I absolutely love how versatile and comforting this Easy Vegan Cheddar Cheese (Spread & Sauce!) Recipe is. From the moment I first blended those creamy cashews with sweet carrots, I knew I’d stumbled upon a game-changer. This recipe delivers that rich, cheesy flavor I crave, but without any dairy, making it perfect for vegan and allergy-friendly meals. Whether I’m dolloping it on crispy toast or stirring it into warm pasta, it’s always a delightful treat that comes together with surprisingly simple ingredients and minimal fuss.
Why You’ll Love This Easy Vegan Cheddar Cheese (Spread & Sauce!) Recipe
What makes this Easy Vegan Cheddar Cheese (Spread & Sauce!) Recipe stand out for me is the incredible depth of flavor it packs. The blend of nutritional yeast, garlic powder, and a splash of apple cider vinegar gives it that perfect balance of tangy, savory, and slightly nutty notes that remind me exactly of classic cheddar cheese. Plus, the subtle sweetness from the carrots creates a beautiful natural color and a mild undertone that rounds everything out. It feels indulgent without being heavy, which is just what I want when I’m craving cheesy goodness without dairy.
Another reason I keep coming back to this recipe is how incredibly easy it is to prepare.

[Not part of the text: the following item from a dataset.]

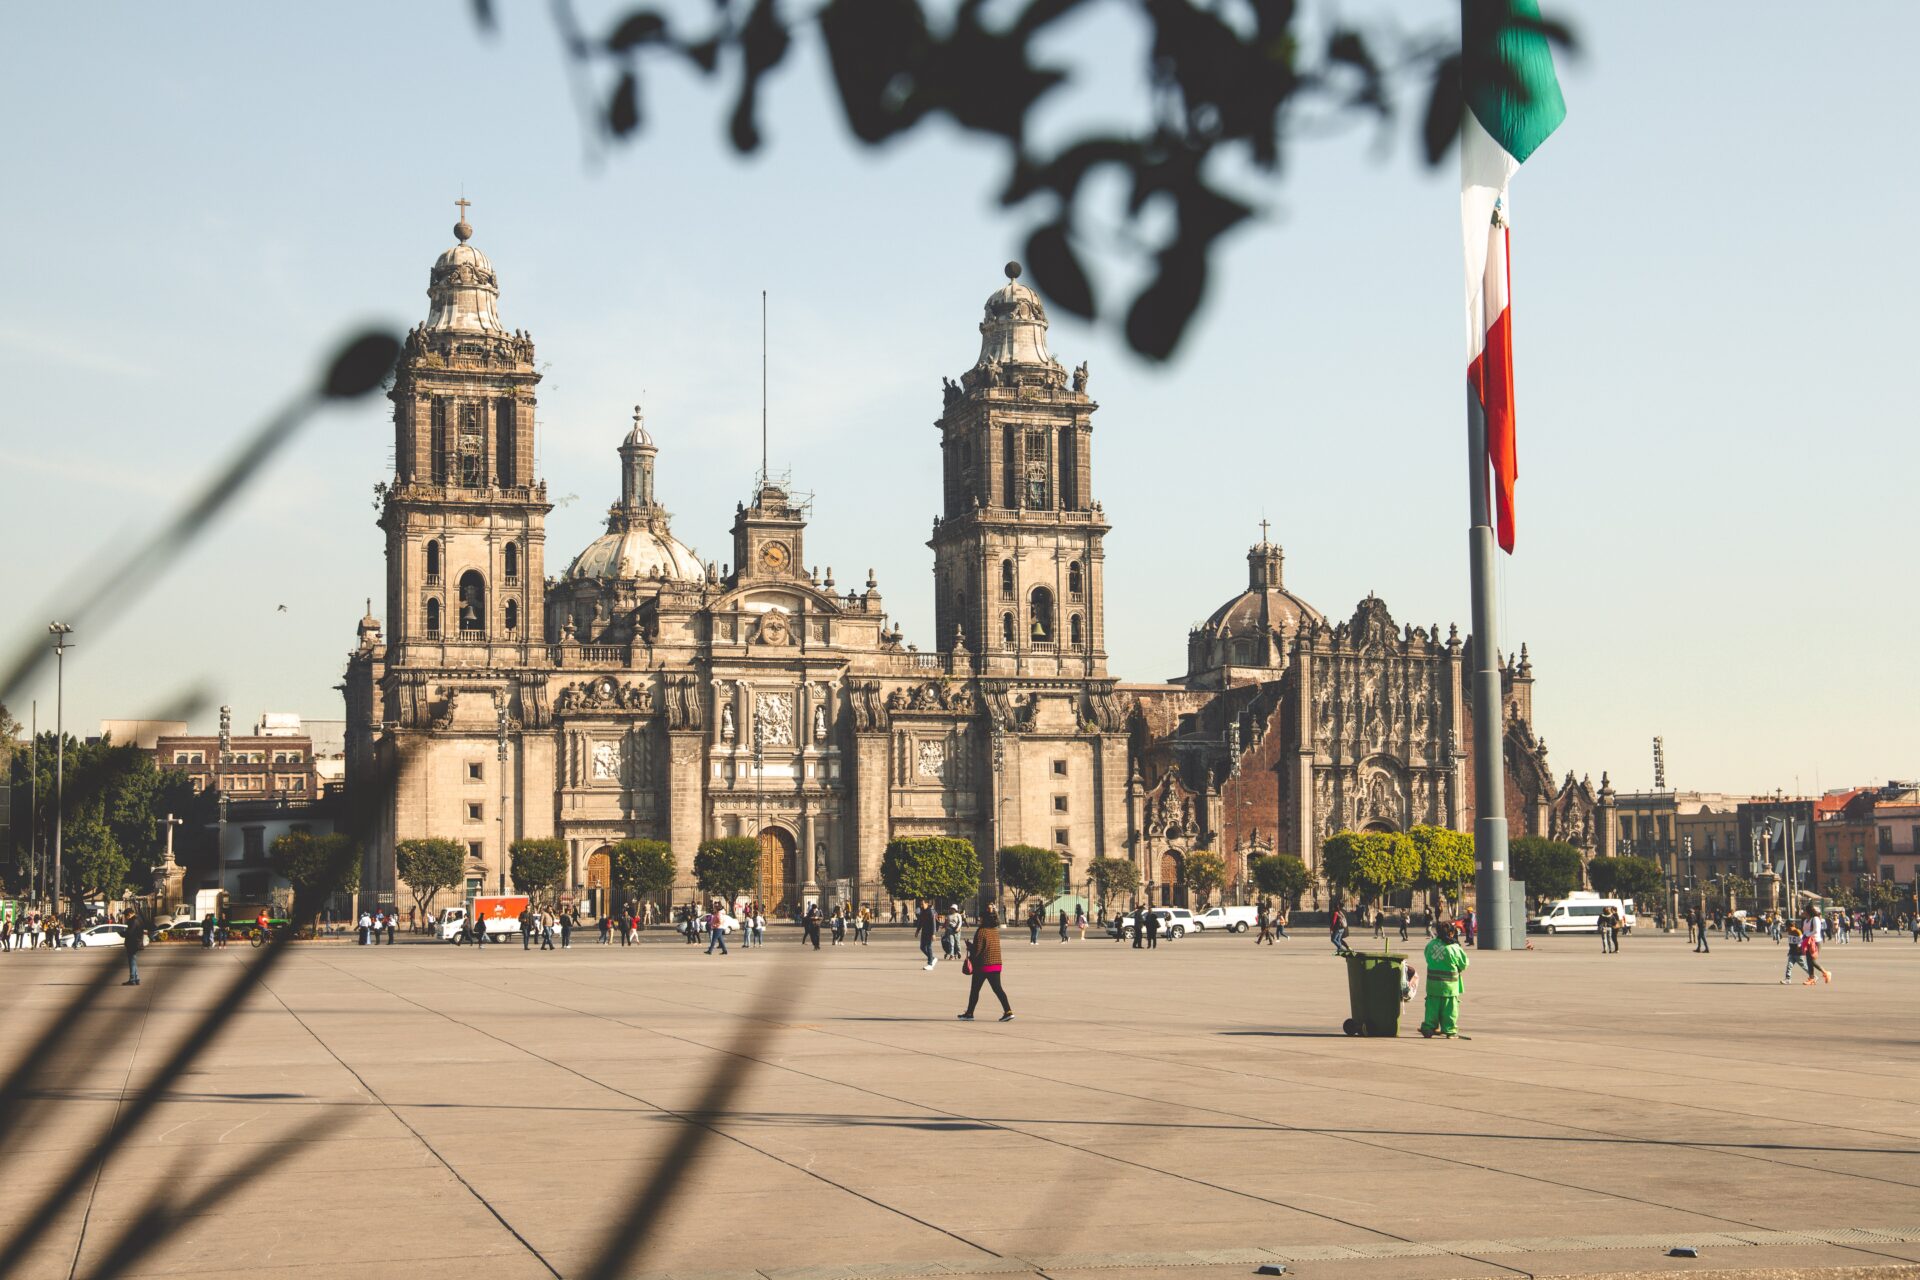 A local's guide to Mexico City | A view of the colonial style cathedral in Mexico City's central square, or Zocalo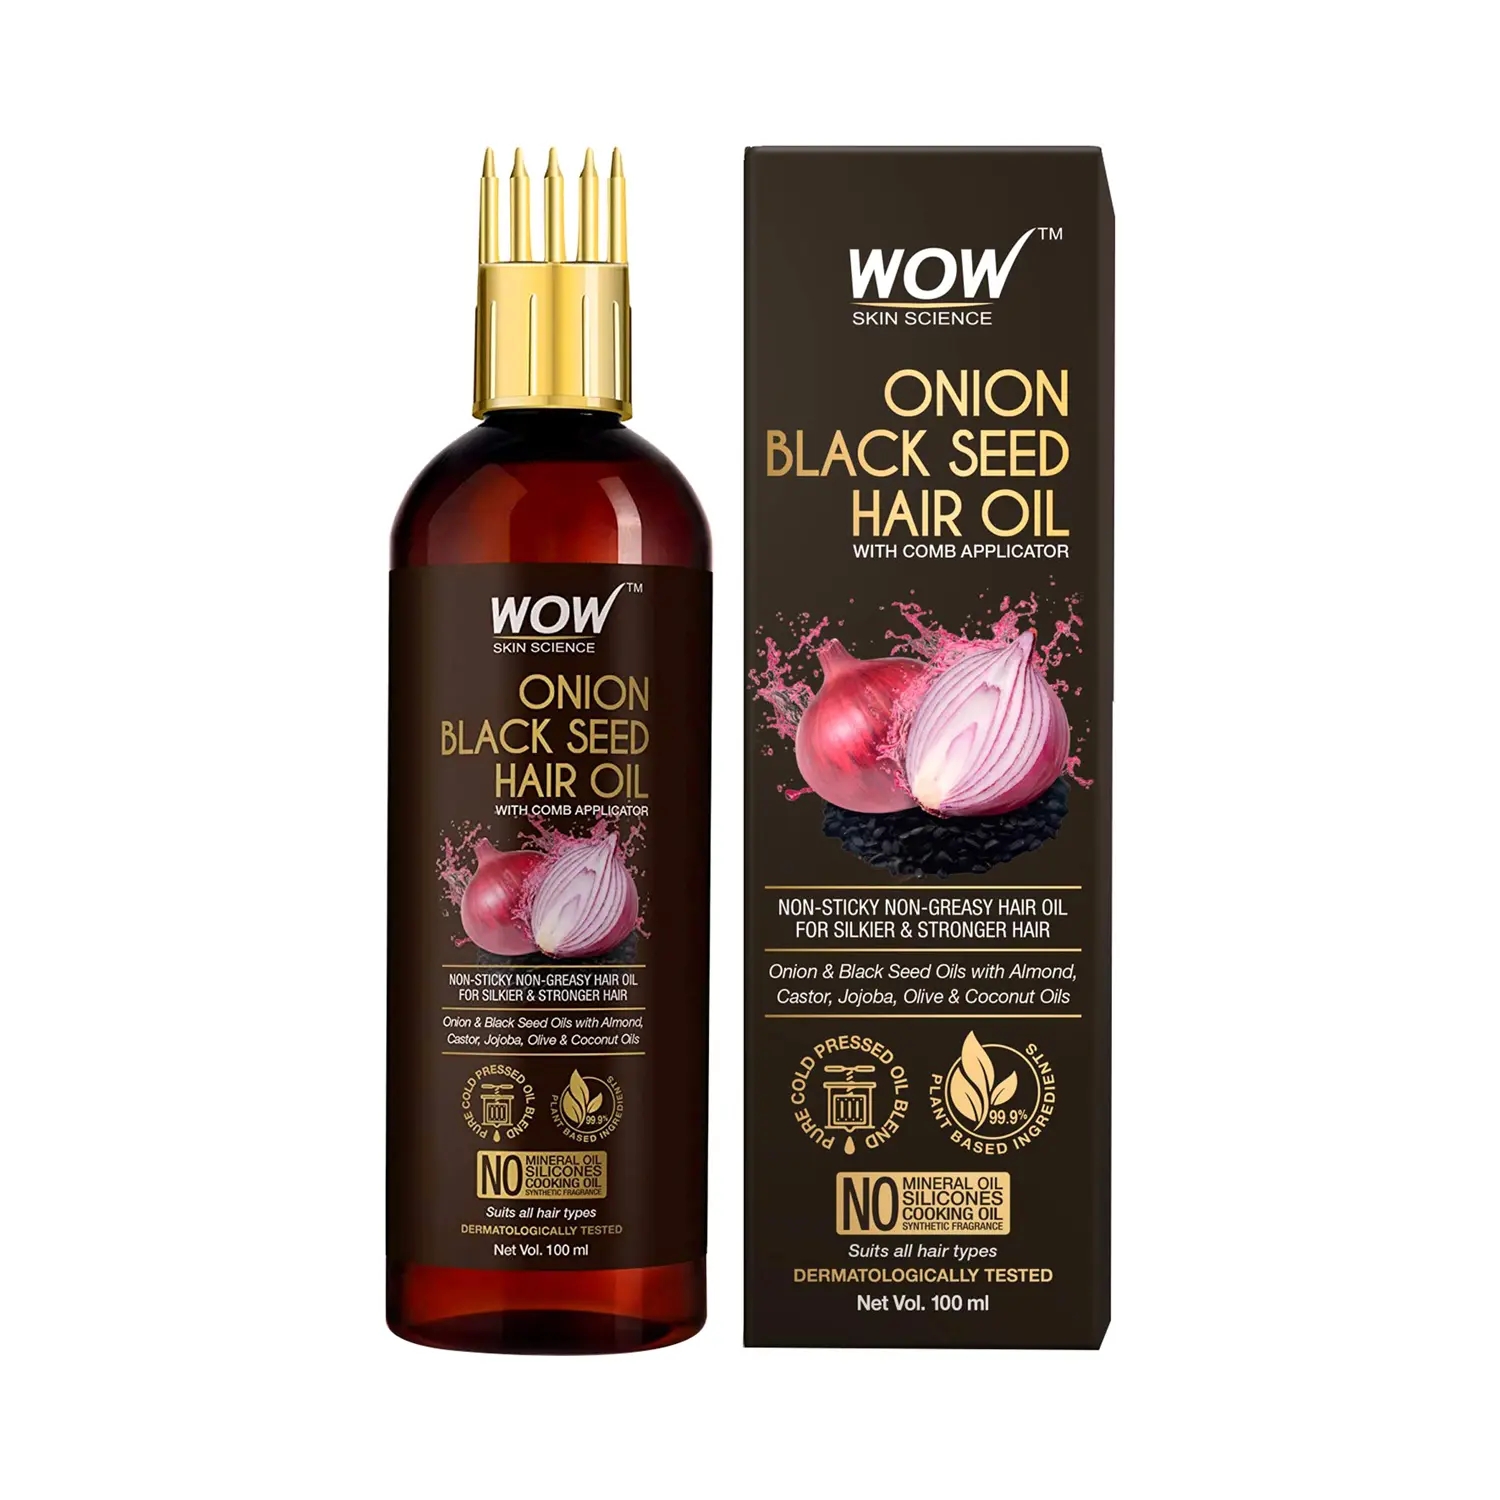 WOW SKIN SCIENCE | WOW SKIN SCIENCE Onion Black Seed Hair Oil With Comb Applicator (100ml)

I love that the base ingredients are pantry staples or easy to find at any grocery store, and the process mostly involves blending and a quick cook on the stove, which means no complicated steps or hours in the kitchen. It’s perfect for a quick weeknight meal, a weekend snack, or when I want to impress friends with a homemade vegan cheese spread. I always find myself sharing this recipe because it fits so many occasions — from cozy comfort food moments to vegan holiday feasts.
Ingredients You’ll Need
The magic of this recipe lies in the simplicity and synergy of the ingredients. Each one plays a vital role in texture, flavor, or color, making the final sauce creamy, cheesy, and vibrant without any artificial additives.
- 2/3 cup raw cashews: These provide a creamy, nutty base that thickens beautifully when blended and cooked.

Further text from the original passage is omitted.